Le altre proposte riguardanti il cosiddetto pensionamento flessibile, non si misurano, invece, con gli oneri che si renderebbero necessari. Nell’iniziativa politica in corso, il criterio della flessibilità del pensionamento non è assunto solo nel progetto di legge Damiano-Baretta. Anche altri gruppi hanno voluto non essere da meno, sia pure in termini meno scientifici e più accomodanti di quelli di Tito Boeri. Nei fatti, tale impostazione finirebbe per abbassare i requisiti anagrafici e contributivi previsti dalla riforma Fornero, determinando, quindi, effetti economici negativi, stimabili a regime in almeno una decina di miliardi.
Non va dimenticato, infatti, che secondo le regole della contabilità, quando si introduce un vero e proprio diritto soggettivo al pensionamento all’interno di una fascia di età anagrafica compresa in un range di flessibilità diventa necessaria una copertura commisurata all’ipotesi che tutti i futuri pensionati si avvalgano del requisito più ridotto. Altrimenti è richiesta la fissazione di un numero massimo di possibili utenti su cui determinare la copertura finanziaria, superato il quale non è più consentito usufruire del diritto. Una procedura questa che darebbe luogo alle consuete proteste da parte degli esclusi.

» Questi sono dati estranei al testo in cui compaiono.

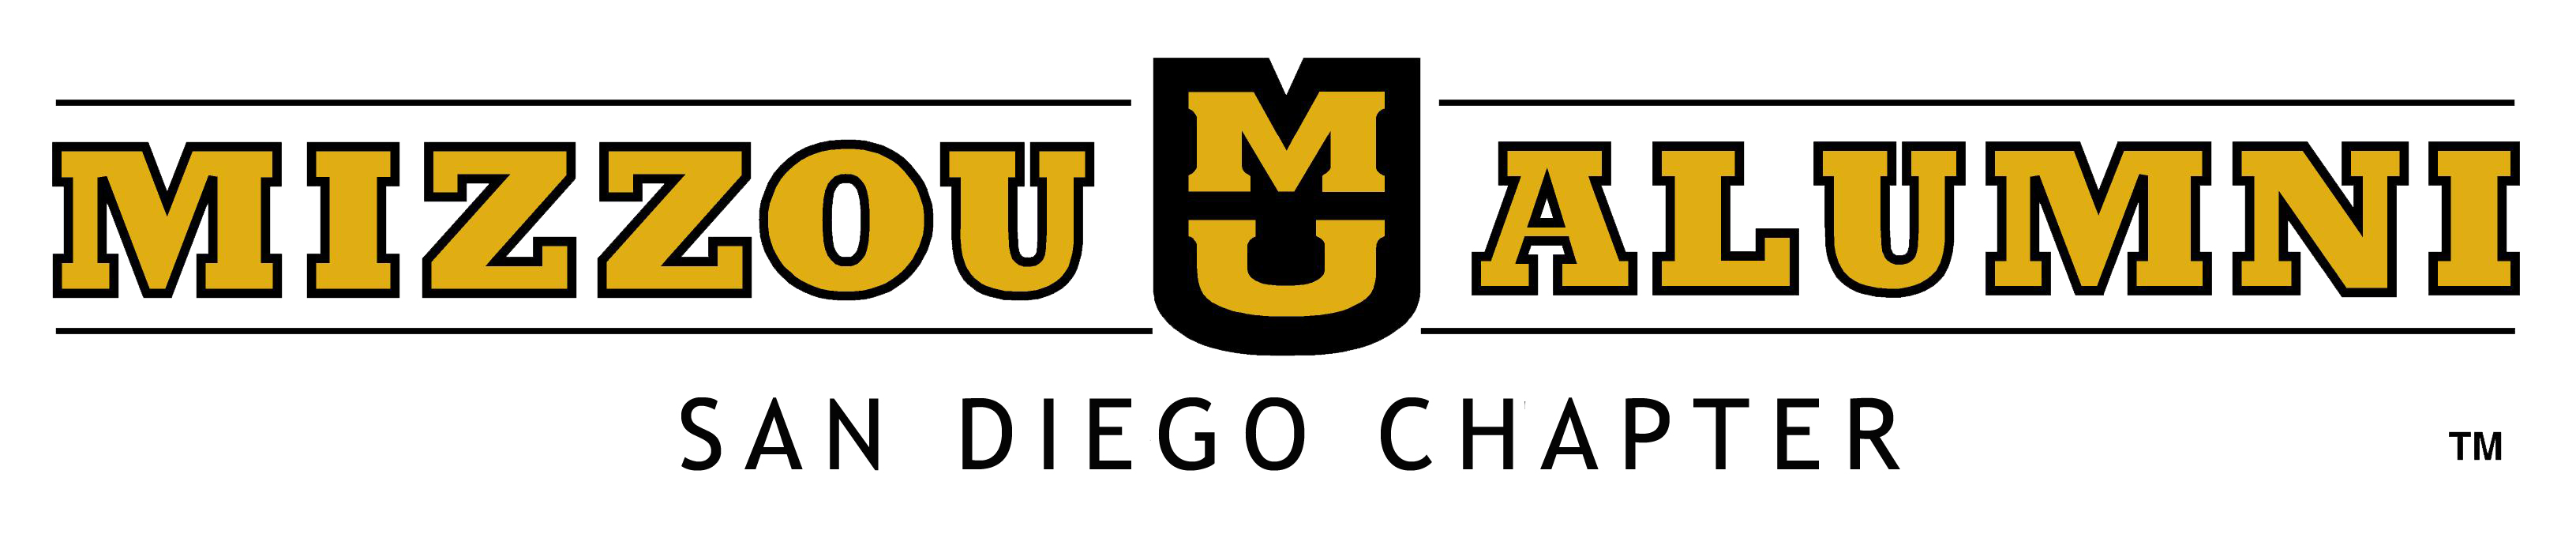 Mizzou Alumni San Diego Chapter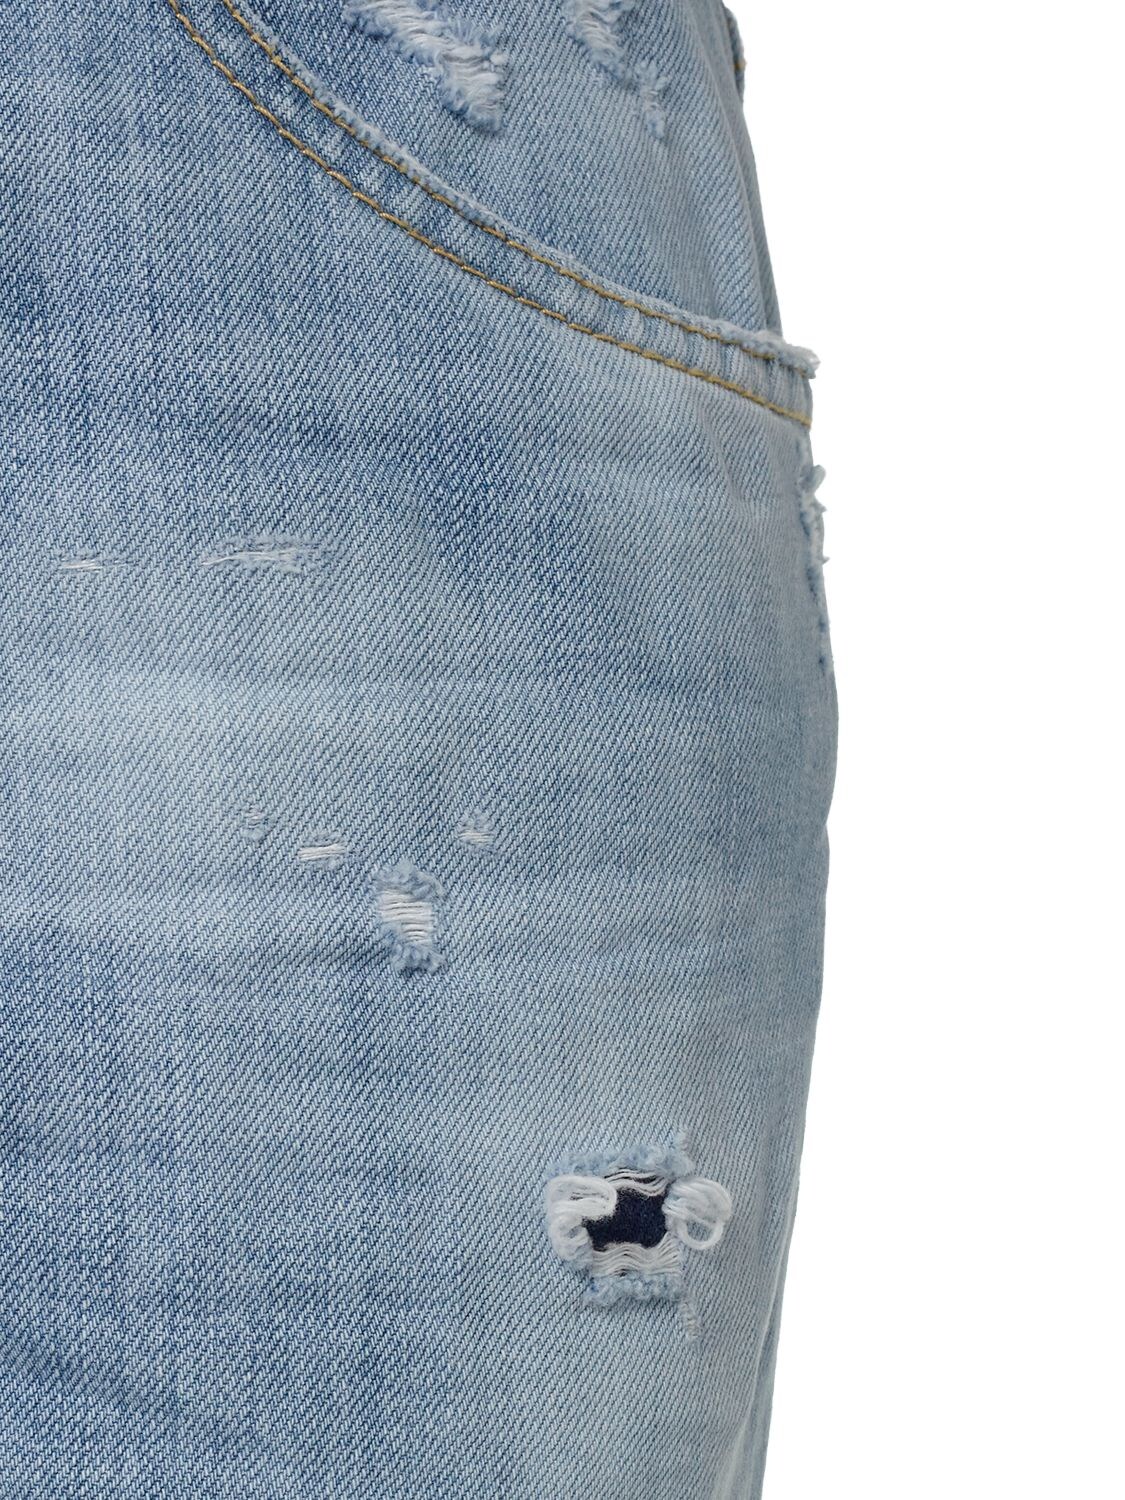 Shop Dsquared2 Bootcut Cotton Denim Jeans In Blue

Sarà anche per questi motivi che Matteo Renzi gioca con il tema della flessibilità all’insegna del “qui lo dico, qui lo nego”. Quando la Corte Costituzionale costrinse il Governo a fornire un’applicazione (necessariamente) limitata e parziale della sentenza n. 70 sul tema della perequazione automatica, Renzi pensò bene di sviare l’attenzione dei media (i quali non si fecero certo pregare) ipotizzando possibili soluzioni di pensionamento flessibile già nella Legge di stabilità del 2016. Oggi, con l’aria che tira, il premier è divenuto più prudente e più attento alle dinamiche dei conti pubblici.
La Grecia qualche cosa avrà pure insegnato. L’accanimento con cui l’Eurogruppo ha imposto una revisione dell’età pensionabile e un superamento dei prepensionamenti al Governo Tsipras avrà messo in allarme anche il giovane Caudillo. Non sarebbe consentito all’Italia di tornare alla situazione pre-riforma Fornero. Ancora nel 2010, l’età media di coloro che percepirono il trattamento di anzianità era pari a 58,3 anni se dipendenti, a 59,1 anni se autonomi. Più o meno come in Grecia.